Facilities inventory development

We integrated multiple national datasets to compile an inventory of wastewater treatment facilities in the USA, their energy requirements and GHG emissions (Fig. 6). Our inventory consists of 15,863 WWTPs that reported non-zero flow to the US EPA in 202215. Throughout this Article, WWTPs refer to facilities owned and/or operated by municipalities or other public entities, including treatment plants and lagoons. We determined the treatment train for each facility in our inventory, defined as a common set of unit operations designed to reduce wastewater pollution between the influent and effluent of the plant. We used unit processes reported across the aggregated 2004, 2008, 2012 and 2022 CWNS12,13,14,15, supplemented with additional publicly available data that provided more granular or recent information: the US EPA’s Lagoon Inventory Dataset36, the Water Environment Federation’s Water Resource Recovery Facilities Biogas Database37 and the US Department of Energy’s Combined Heat and Power Installation Database38.

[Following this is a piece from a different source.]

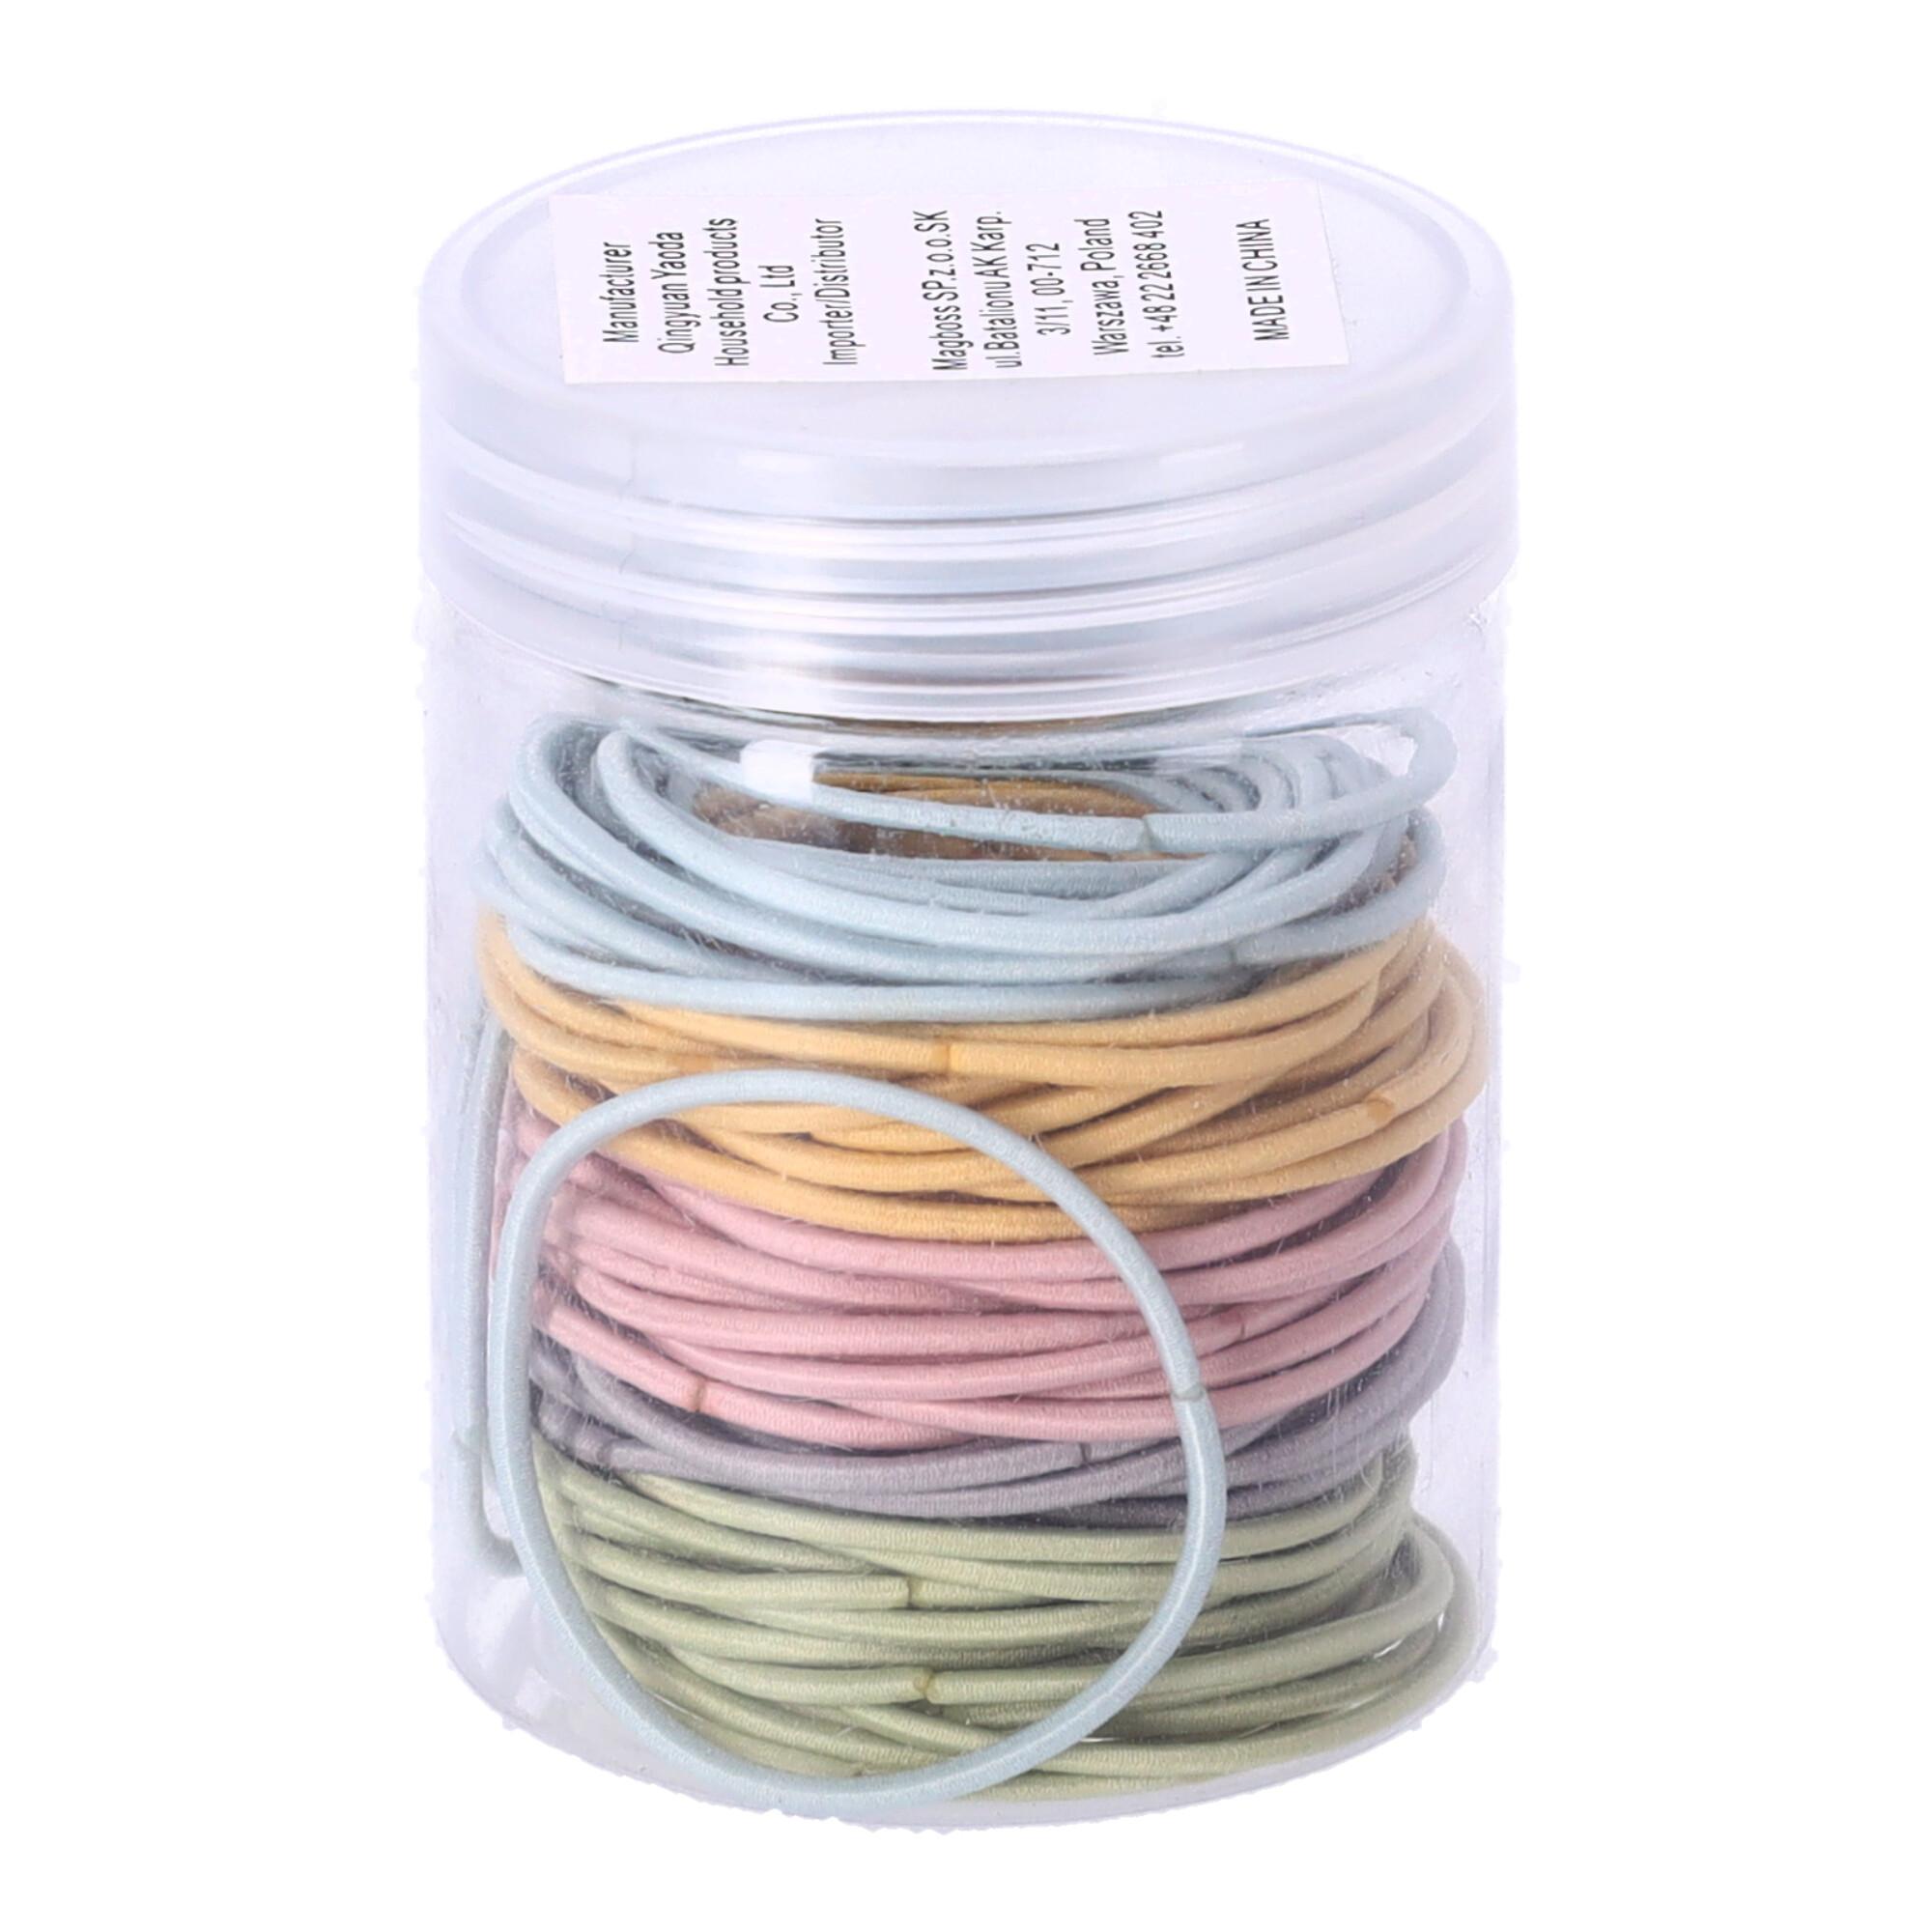 A set of hair elastics - mix of colors

Using reported unit process data, we assigned each facility one or more treatment trains, abbreviated using alphanumeric codes, based on those previously defined by Tarallo et al.16 but with modifications to reflect additional possible combinations of liquids and solids treatment processes (full details are provided in Supplementary Methods section 2.2.2) Each treatment train is a unique combination of unit processes depicted in Fig. 1, and each configuration includes liquids and solids treatment processes, with optional primary treatment, chemical phosphorous removal and CHP for energy recovery. Liquids (or secondary) treatment technologies include activated sludge configurations, trickling filters and membrane bioreactors. Solids treatment options include aerobic and anaerobic digestion, lime stabilization and two incineration methods (see Supplementary Tables 2 and 3 for additional details). With available unit process data, we assigned treatment trains to 10,962 facilities, approximately 69% of the national fleet.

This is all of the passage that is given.